**Activity:** Using the records below, give again exactly the lines from the line that contains "Canottieri Firenze premiate" through the line that contains "Escavatore caterpillar 313", both ends included, and only those.
*** Material provided ***
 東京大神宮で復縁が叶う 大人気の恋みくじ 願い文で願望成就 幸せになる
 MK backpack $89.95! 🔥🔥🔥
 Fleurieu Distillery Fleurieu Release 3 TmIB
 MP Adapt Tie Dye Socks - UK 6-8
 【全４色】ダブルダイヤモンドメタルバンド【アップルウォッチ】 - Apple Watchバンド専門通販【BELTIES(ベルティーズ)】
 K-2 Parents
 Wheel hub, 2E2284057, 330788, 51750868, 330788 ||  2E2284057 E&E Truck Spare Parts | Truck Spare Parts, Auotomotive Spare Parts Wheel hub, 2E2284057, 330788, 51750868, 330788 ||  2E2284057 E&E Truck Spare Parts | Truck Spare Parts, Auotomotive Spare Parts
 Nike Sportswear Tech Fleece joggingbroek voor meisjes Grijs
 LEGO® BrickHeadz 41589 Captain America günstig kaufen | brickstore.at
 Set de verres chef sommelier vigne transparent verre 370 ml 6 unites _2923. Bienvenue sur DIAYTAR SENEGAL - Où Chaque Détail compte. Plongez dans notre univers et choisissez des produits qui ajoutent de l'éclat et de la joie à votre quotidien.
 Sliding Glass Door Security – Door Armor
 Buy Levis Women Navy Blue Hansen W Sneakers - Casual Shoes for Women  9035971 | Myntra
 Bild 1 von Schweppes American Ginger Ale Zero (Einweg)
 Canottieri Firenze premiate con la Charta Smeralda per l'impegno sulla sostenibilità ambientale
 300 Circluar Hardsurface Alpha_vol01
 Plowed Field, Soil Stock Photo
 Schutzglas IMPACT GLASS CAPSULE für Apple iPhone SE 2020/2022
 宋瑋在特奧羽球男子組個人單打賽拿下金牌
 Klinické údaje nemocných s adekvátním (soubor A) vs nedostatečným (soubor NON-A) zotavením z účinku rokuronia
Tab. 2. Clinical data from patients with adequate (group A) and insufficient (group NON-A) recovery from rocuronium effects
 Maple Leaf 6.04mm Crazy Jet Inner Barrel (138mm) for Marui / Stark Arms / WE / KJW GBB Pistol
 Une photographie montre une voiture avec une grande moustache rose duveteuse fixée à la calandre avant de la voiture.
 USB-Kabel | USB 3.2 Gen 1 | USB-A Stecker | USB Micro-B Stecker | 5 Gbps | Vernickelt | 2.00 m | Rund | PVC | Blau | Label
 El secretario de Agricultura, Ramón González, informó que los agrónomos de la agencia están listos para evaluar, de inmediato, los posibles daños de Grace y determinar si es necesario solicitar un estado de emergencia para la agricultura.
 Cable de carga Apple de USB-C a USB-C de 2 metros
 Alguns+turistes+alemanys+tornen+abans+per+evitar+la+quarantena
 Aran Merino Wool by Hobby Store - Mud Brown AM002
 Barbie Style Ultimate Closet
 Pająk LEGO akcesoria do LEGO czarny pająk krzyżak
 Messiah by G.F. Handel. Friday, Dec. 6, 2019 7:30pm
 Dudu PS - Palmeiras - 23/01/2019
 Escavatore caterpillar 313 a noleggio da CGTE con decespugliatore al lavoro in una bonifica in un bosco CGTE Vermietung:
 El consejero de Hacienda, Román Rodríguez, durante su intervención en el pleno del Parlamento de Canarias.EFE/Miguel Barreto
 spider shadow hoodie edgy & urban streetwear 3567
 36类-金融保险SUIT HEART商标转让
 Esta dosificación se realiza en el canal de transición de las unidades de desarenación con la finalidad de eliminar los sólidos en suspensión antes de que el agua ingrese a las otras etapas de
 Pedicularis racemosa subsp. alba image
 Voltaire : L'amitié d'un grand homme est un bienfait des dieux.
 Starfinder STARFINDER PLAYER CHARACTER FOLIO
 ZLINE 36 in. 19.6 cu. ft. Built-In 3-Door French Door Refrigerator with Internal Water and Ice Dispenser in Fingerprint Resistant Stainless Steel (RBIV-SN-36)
*** End of Material provided ***
**Completed task:**
 Canottieri Firenze premiate con la Charta Smeralda per l'impegno sulla sostenibilità ambientale
 300 Circluar Hardsurface Alpha_vol01
 Plowed Field, Soil Stock Photo
 Schutzglas IMPACT GLASS CAPSULE für Apple iPhone SE 2020/2022
 宋瑋在特奧羽球男子組個人單打賽拿下金牌
 Klinické údaje nemocných s adekvátním (soubor A) vs nedostatečným (soubor NON-A) zotavením z účinku rokuronia
Tab. 2. Clinical data from patients with adequate (group A) and insufficient (group NON-A) recovery from rocuronium effects
 Maple Leaf 6.04mm Crazy Jet Inner Barrel (138mm) for Marui / Stark Arms / WE / KJW GBB Pistol
 Une photographie montre une voiture avec une grande moustache rose duveteuse fixée à la calandre avant de la voiture.
 USB-Kabel | USB 3.2 Gen 1 | USB-A Stecker | USB Micro-B Stecker | 5 Gbps | Vernickelt | 2.00 m | Rund | PVC | Blau | Label
 El secretario de Agricultura, Ramón González, informó que los agrónomos de la agencia están listos para evaluar, de inmediato, los posibles daños de Grace y determinar si es necesario solicitar un estado de emergencia para la agricultura.
 Cable de carga Apple de USB-C a USB-C de 2 metros
 Alguns+turistes+alemanys+tornen+abans+per+evitar+la+quarantena
 Aran Merino Wool by Hobby Store - Mud Brown AM002
 Barbie Style Ultimate Closet
 Pająk LEGO akcesoria do LEGO czarny pająk krzyżak
 Messiah by G.F. Handel. Friday, Dec. 6, 2019 7:30pm
 Dudu PS - Palmeiras - 23/01/2019
 Escavatore caterpillar 313 a noleggio da CGTE con decespugliatore al lavoro in una bonifica in un bosco CGTE Vermietung:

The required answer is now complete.